• **EXERCISE REQUIREMENTS**:
All lines at or after the one containing "Jod Salz - Product - en", up to the last line of the material, must be repeated exactly, and no others.

• **SUPPLIED RECORDS**:

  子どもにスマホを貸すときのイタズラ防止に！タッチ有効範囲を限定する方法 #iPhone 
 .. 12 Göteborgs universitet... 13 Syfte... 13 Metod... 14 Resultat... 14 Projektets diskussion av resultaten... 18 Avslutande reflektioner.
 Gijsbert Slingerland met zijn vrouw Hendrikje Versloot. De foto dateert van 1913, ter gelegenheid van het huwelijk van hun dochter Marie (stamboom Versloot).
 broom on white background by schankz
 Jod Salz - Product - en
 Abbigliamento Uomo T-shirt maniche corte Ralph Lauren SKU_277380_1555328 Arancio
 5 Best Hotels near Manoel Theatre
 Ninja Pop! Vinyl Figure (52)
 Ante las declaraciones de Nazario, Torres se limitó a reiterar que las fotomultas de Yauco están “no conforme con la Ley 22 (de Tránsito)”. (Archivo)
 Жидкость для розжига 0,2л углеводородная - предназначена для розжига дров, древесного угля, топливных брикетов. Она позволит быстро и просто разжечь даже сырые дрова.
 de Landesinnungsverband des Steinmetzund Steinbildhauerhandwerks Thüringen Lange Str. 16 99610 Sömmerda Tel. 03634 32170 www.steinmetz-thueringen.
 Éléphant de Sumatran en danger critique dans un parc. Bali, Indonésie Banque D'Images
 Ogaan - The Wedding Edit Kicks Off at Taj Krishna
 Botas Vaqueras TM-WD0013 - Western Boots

• **EXERCISE ANSWER**:
 Jod Salz - Product - en
 Abbigliamento Uomo T-shirt maniche corte Ralph Lauren SKU_277380_1555328 Arancio
 5 Best Hotels near Manoel Theatre
 Ninja Pop! Vinyl Figure (52)
 Ante las declaraciones de Nazario, Torres se limitó a reiterar que las fotomultas de Yauco están “no conforme con la Ley 22 (de Tránsito)”. (Archivo)
 Жидкость для розжига 0,2л углеводородная - предназначена для розжига дров, древесного угля, топливных брикетов. Она позволит быстро и просто разжечь даже сырые дрова.
 de Landesinnungsverband des Steinmetzund Steinbildhauerhandwerks Thüringen Lange Str. 16 99610 Sömmerda Tel. 03634 32170 www.steinmetz-thueringen.
 Éléphant de Sumatran en danger critique dans un parc. Bali, Indonésie Banque D'Images
 Ogaan - The Wedding Edit Kicks Off at Taj Krishna
 Botas Vaqueras TM-WD0013 - Western Boots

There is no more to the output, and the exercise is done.